Home design tips that help you work from home

This is a collaborative post

Working from home is still a relatively new concept in the modern day and age. You won’t meet a lot of people who claim to do so, and there’s a lot of debate over whether or not it’s better than having a workplace environment around you. But that doesn’t change the fact that your environment is going to affect just how much work you get done in a day, and working from home is one of the best ways to customise this!

Are you someone who loves your job of being able to sit in your own office, entirely personalised your way, with no one else around disturbing your train of thought when you get into a good flow? Then now’s the time to truly celebrate your ability to work from home with a proper home or room design fitted around you and your productivity needs! After all, a lot of people can give up what seems like a stable job to be able to work on their own terms, and having it pay off is something you deserve to show off!

It’s incredibly picturesque, but is it effective? 



A proper desk and chair

Probably one of the most important things that you can do for yourself when working from home, is supply yourself with a desk and a chair. So often it’s thought that one of the benefits to being a home worker is that you get to lounge around on the sofa all day with a laptop on your lap.  In reality though, it’s not only really uncomfortable, but also really bad for your body. You are likely to end up with a bad back or dodgy neck if you regularly sit working from the sofa, so spending just a little bit of money on a desk and a computer chair should be top of your working from home list.


A good traffic flow

Traffic happens just as much within the office as it did on the noisy street outside your window when you still worked for a company, and because of this, you need to get a handle on what the flow of the office tends to look like. Where do you reach the most? What do you reach for? Is the doorway clear enough for you to take breaks whenever you need to? Is there any equipment clogging the path up?

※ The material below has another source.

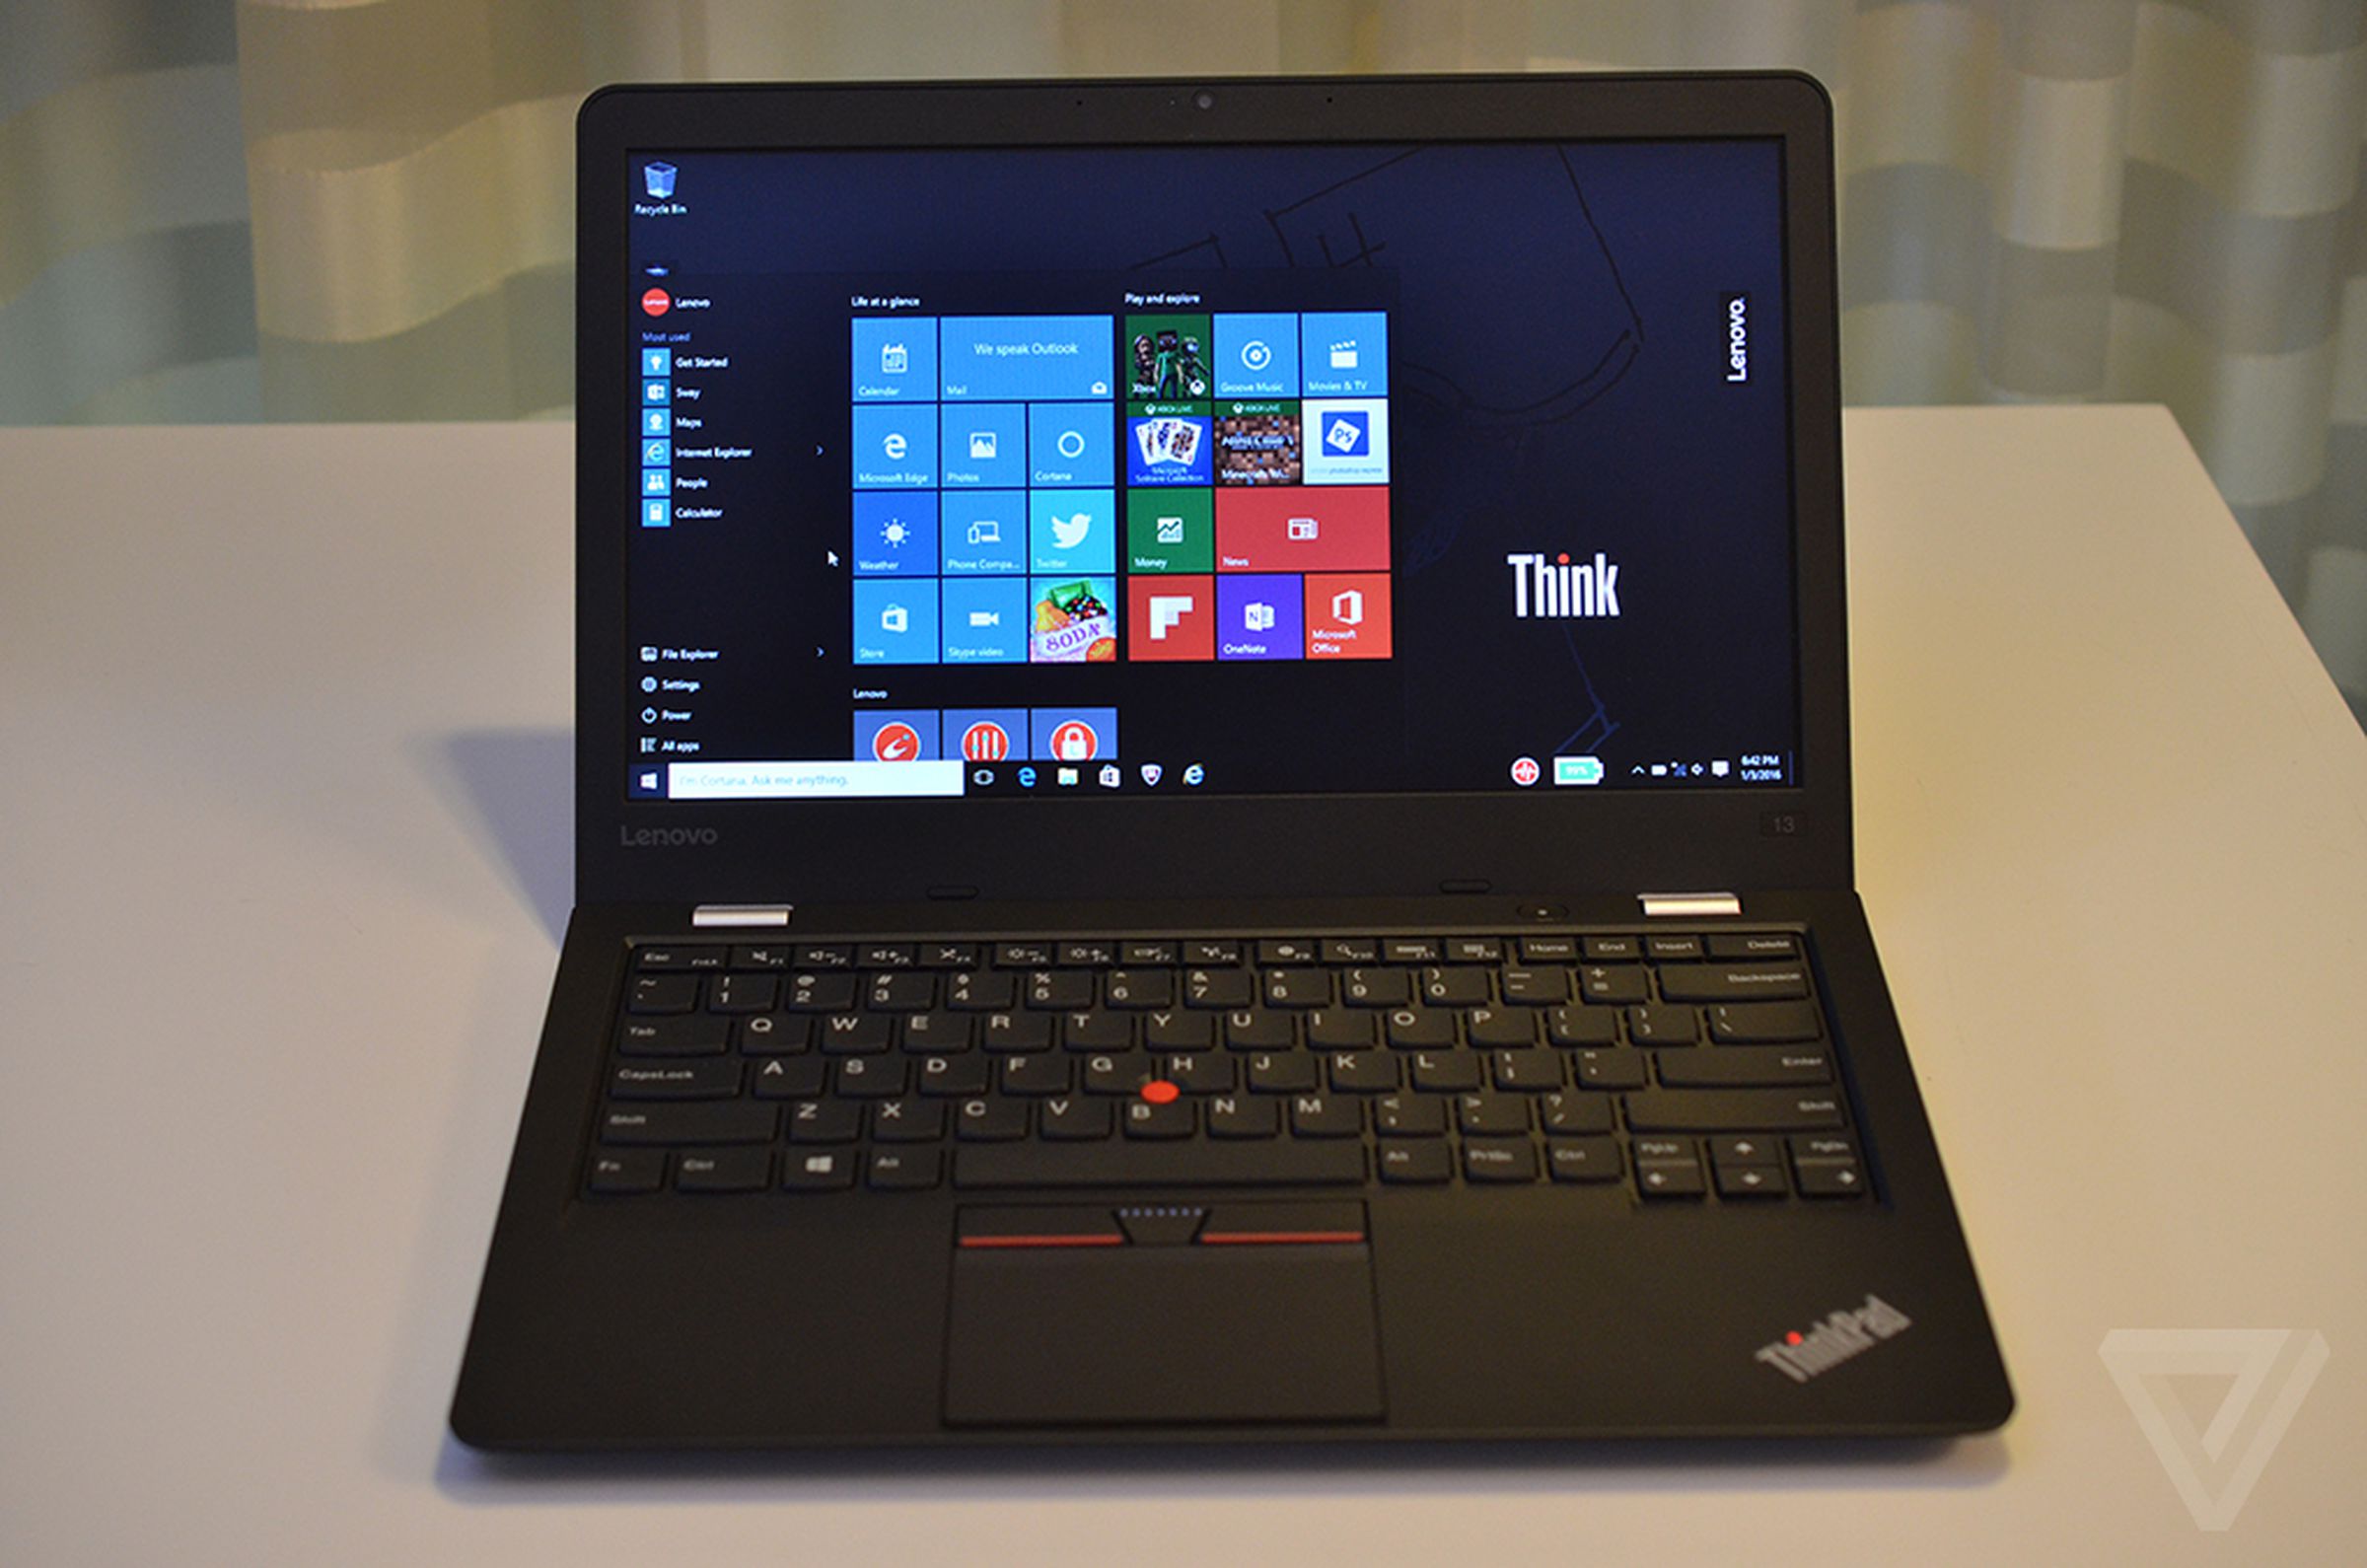 Lenovo ThinkPad 13 hands-on photos

These are all quite serious questions you need to take into account for your office design, especially if you’re someone who’s been worried about your productivity slipping over the past few months. You want your resources near to you, you want to be able to take a break whenever you need one, and you want to feel light enough to come back to your desk afterwards.


Plenty of Light

Light is something your brain needs to function. You can’t work in the dark for obvious reasons, but even with some artificial lighting from lamps both standing and overhead, you’re going to find it a struggle. So now’s your chance to make sure you’ve got clean and clear windows that let all that precious natural light in, and that you don’t have any blinds covering them when you’re yawning away, fresh up to work in the morning.

Companies like Contemporary Architects can help you out with finding the best way to maximise on your limited sun exposure, but you can just try moving the desk you work at nearer to the window. Light keeps us awake and tells us we need to get moving on with the day, and it’s going to keep you quipping at your desk for the next few hours at least!


Working from home can be an amazing opportunity, but making sure you give yourself the correct design features really needs to be thought out before you jump into it.